There are some other unspoken rules here as well. Nothing hard and fast, but it is something that I’ve observed. Banks are large corporations. As such, their IT department typically has a set structure when creating email accounts, and that structure is usually something like firstname.lastname@companydomain.com.

The other unspoken rule is the punctuation. Again, there is no hard and fast rule here on how someone in the banking industry should behave, but when was the last correspondence you got from a banker that had an exclamation point, let alone three? When someone in the financial industry is writing some type of correspondence, they tend to stick with the facts and figures. They leave little room for any emotional involvement. In general, if you get a correspondence from a bank punctuated with exclamation points, chances are it’s not from someone in the financial industry.

Now, clicking on this link results in the following:


So if you have the smartscreen filter turned on in IE8 (or Chrome or Firefox), you will see a screen similar to this. Congratulations! You’ve done your part to thwart the phishers.

However, with the smartscreen filter turned off, we see a page that looks like the following:



I imagine that Chase has a page somewhere that looks like this. The guys who are sending this one out probably just ripped off the template and modified it for their purposes. The phrase, “Chase.com Demo” is a giveaway.

Also look at the URL in the address bar. There is no reference to any legitimate business domain name, which is why the smartscreen filter kicked this thing to the skids.

The other thing here to notice is that this is not a secure connection. Anytime a web connection is transferring secure data, the connection will encrypt the data before it sends it. If the connection is secure, you will see something like the following:


This is for a Google Analytics account. The connection is secured using the https protocol. The quick way to tell if the connection is secure is to look for the “lock” at the top of the browser. If you don’t see the lock at the top and the site is requesting that you pass over secure or sensitive data like passwords or account numbers, it’s time to cut and run.

This site from “Fake Chase” is using the unsecured protocol, it isn’t locked down and it’s asking for secure information, like your User ID, the password to your Chase account, social security number…

And of course, no financial institution would ask you for this kind of information via email, ever. So don’t give it out.

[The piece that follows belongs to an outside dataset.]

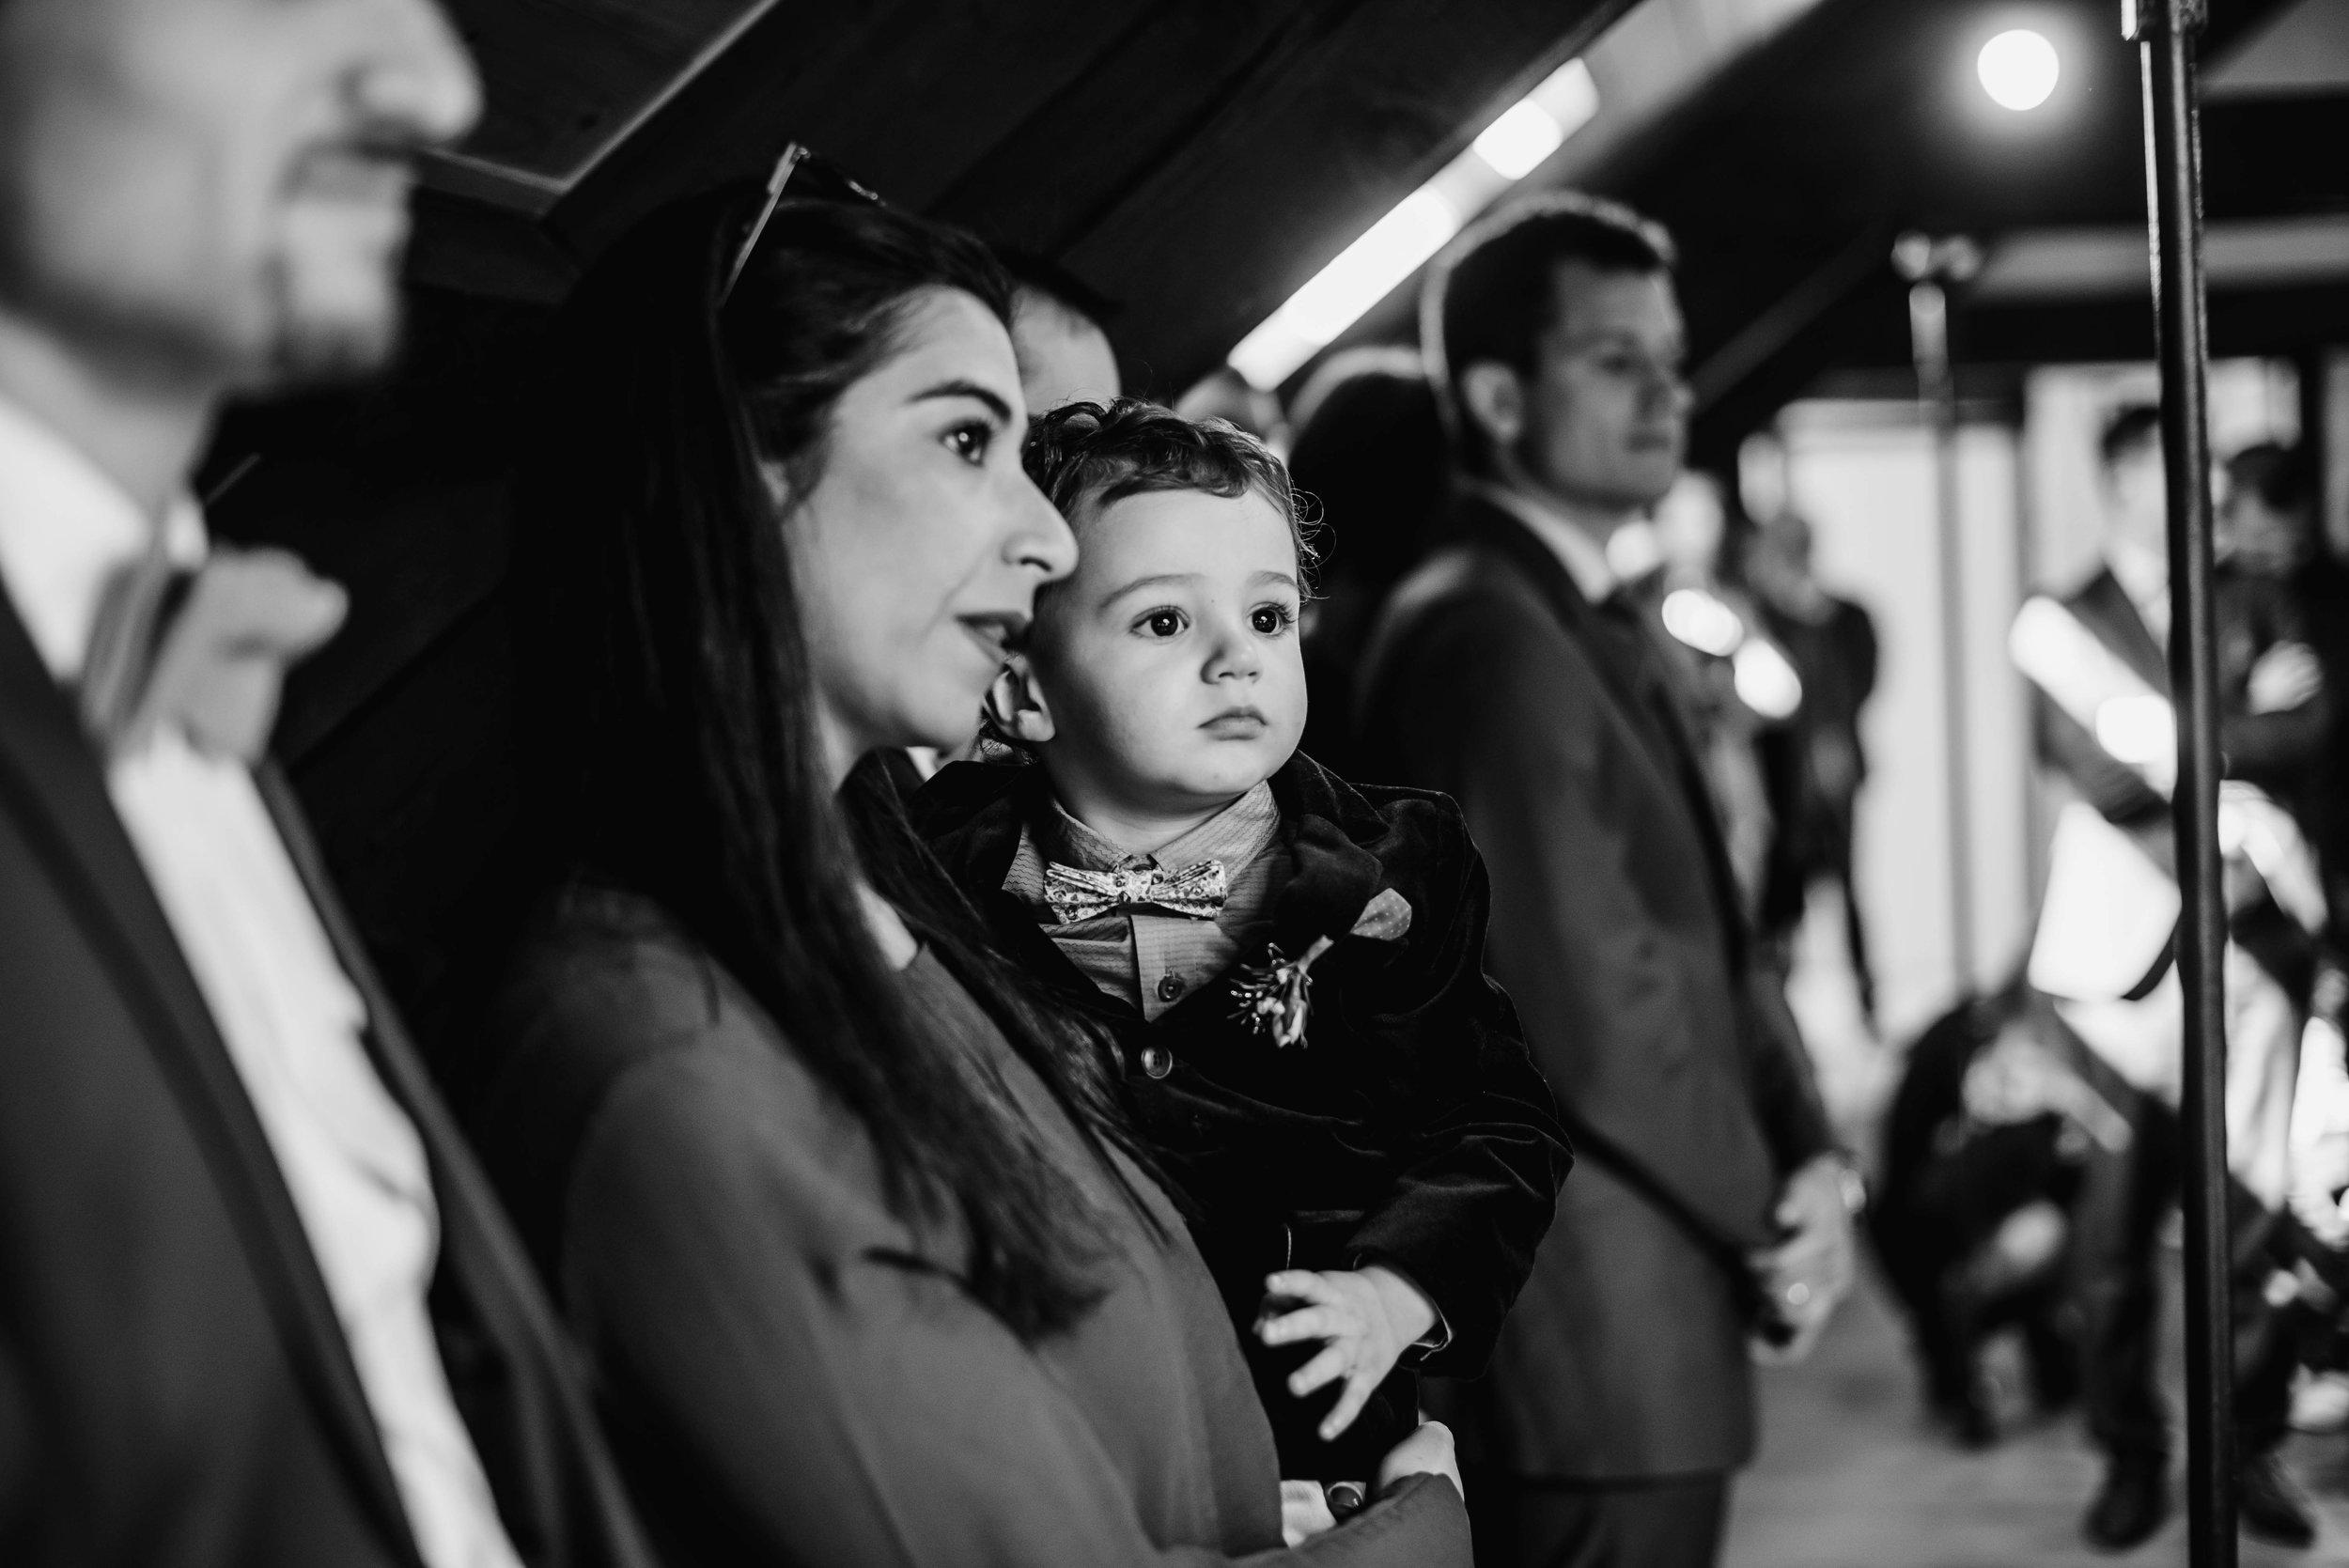 Léa-Fery-photographe-professionnel-lyon-rhone-alpes-portrait-mariage-couple-amour-lovesession-engagement-elopment-2200.jpg

This holiday season while you are out doing the “shop ‘til you drop” thing, remember that there are some unsavory characters who are also out there shopping… for you and your bank account numbers. Don’t let them get yours.

Stay vigilant.

2 comments:

Kristen Clarke said...

To avoid becoming a victim of phishing scams, education and training is key. I would recommend playing the Anti-Phishing Phil online training game to learn how to avoid fraudulent links: http://wombatsecurity.com/antiphishingphil.

Larry Prevost, Sales IT Tech said...

Thank you for the resource Kristen.

I've seen a couple of other training organizations out there targeting the phishing industry. Their methodology is to educate their client companies and then send out 'trap' emails to test if any of the knowledge is making a difference in the user community.

This is the first time I've seen a security organization target the phishing industry by using educational gaming. I think this will be a big hit.

Folks, if you haven't been to the site yet, go visit www.wombatsecurity.com and give antiphishingphil a spin.

And for all the sales people out there, definitely go test yourself. This simple educational phishing exercise can help you avoid hours of system downtime.